Manual implementation of batching

If you use your own inference server:

import asyncio
from dataclasses import dataclass
from collections import deque
import time

@dataclass
class PendingRequest:
    id: str
    prompt: str
    max_tokens: int
    future: asyncio.Future
    enqueued_at: float

class DynamicBatchInferenceServer:
    def __init__(
        self,
        model,
        max_batch_size: int = 64,
        max_wait_ms: float = 20.0,  # ждём 20ms для набора батча
        max_tokens_per_batch: int = 16384
    ):
        self.model = model
        self.max_batch_size = max_batch_size
        self.max_wait_ms = max_wait_ms
        self.max_tokens_per_batch = max_tokens_per_batch
        self.queue: deque[PendingRequest] = deque()
        self.lock = asyncio.Lock()
        self._batch_worker_task = None

    async def start(self):
        self._batch_worker_task = asyncio.create_task(self._batch_worker())

    async def predict(self, prompt: str, max_tokens: int = 512) -> str:
        future = asyncio.get_event_loop().create_future()
        request = PendingRequest(
            id=str(time.time()),
            prompt=prompt,
            max_tokens=max_tokens,
            future=future,
            enqueued_at=time.time()
        )
        async with self.lock:
            self.queue.append(request)
        return await future

    async def _batch_worker(self):
        while True:
            await asyncio.sleep(self.max_wait_ms / 1000)

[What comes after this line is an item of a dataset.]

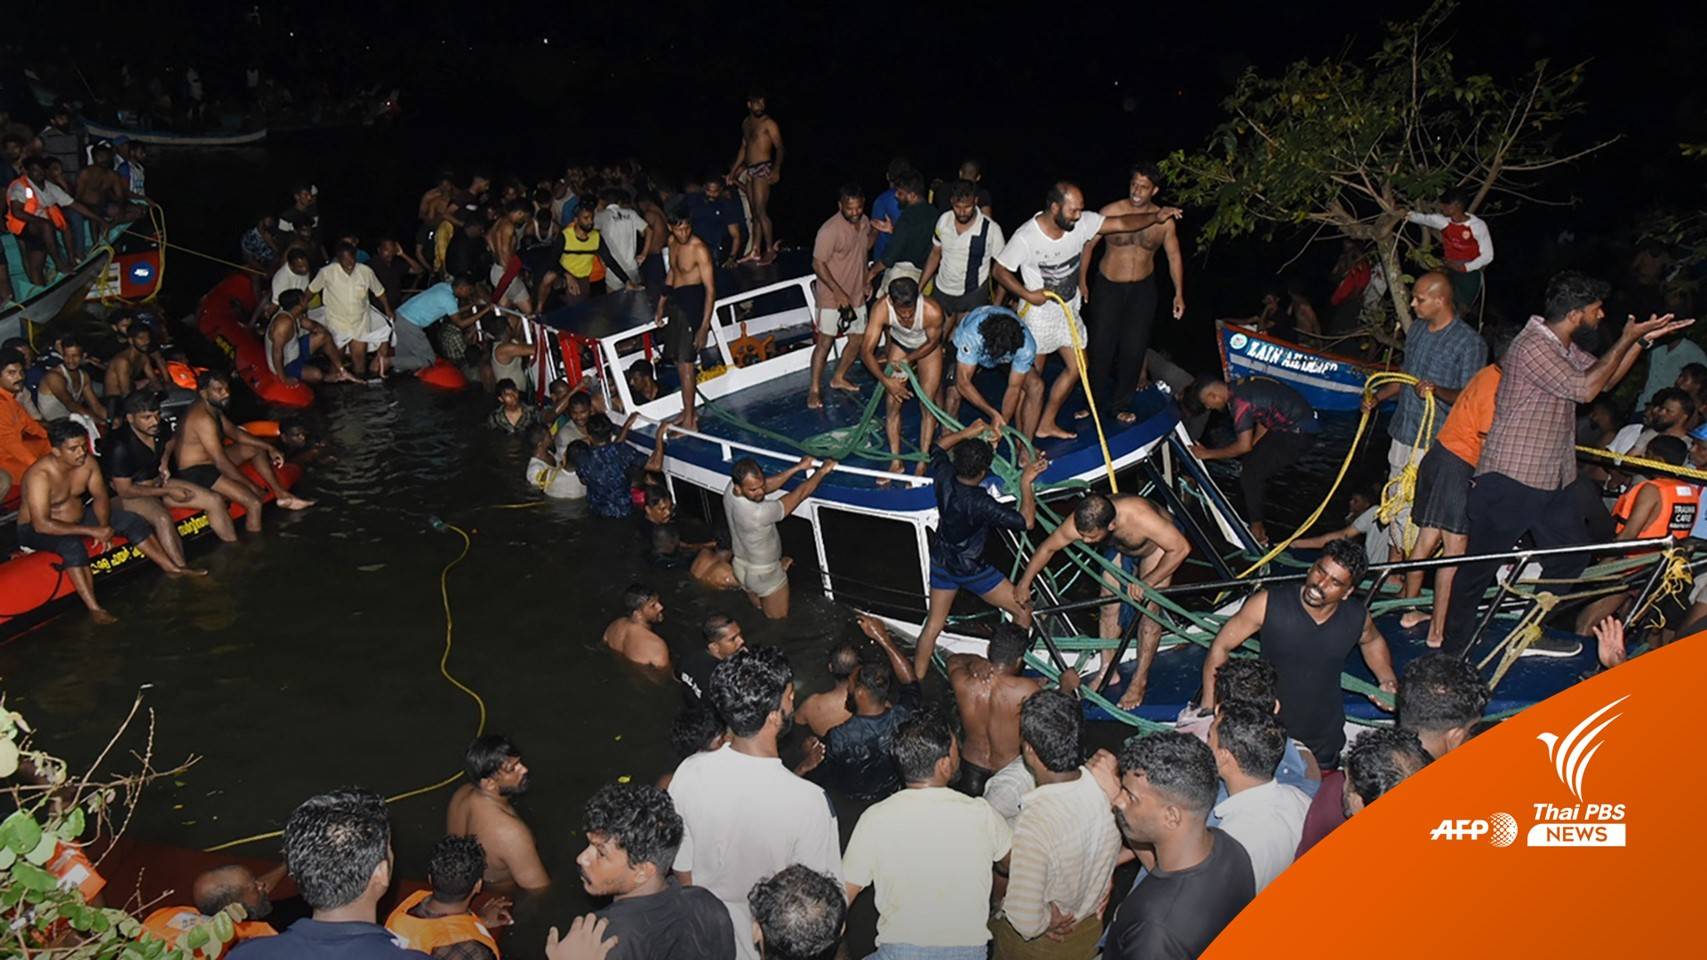 เรือท่องเที่ยวล่มใน "อินเดีย" ตายอย่างน้อย 22 คน

            async with self.lock:
                if not self.queue:
                    continue

                # Формируем батч
                batch: list[PendingRequest] = []
                total_tokens = 0

                while (self.queue
                       and len(batch) < self.max_batch_size
                       and total_tokens + self.queue[0].max_tokens <= self.max_tokens_per_batch):
                    req = self.queue.popleft()
                    batch.append(req)
                    total_tokens += len(req.prompt.split()) + req.max_tokens

            if not batch:
                continue

            # Инференс батча
            prompts = [req.prompt for req in batch]
            max_tokens_list = [req.max_tokens for req in batch]

            try:
                outputs = self.model.generate_batch(prompts, max(max_tokens_list))
                for req, output in zip(batch, outputs):
                    if not req.future.done():
                        req.future.set_result(output)
            except Exception as e:
                for req in batch:
                    if not req.future.done():
                        req.future.set_exception(e)

Batching monitoring

vllm:num_requests_running      # запросов в активном батче
vllm:num_requests_waiting      # запросов в очереди
vllm:avg_prompt_throughput_toks_per_s    # tokens/s для prefill
vllm:avg_generation_throughput_toks_per_s  # tokens/s для decode

The optimal batch size for a specific GPU is determined through benchmarking: we run a load test with different numbers of concurrent users and measure the throughput vs. latency trade-off.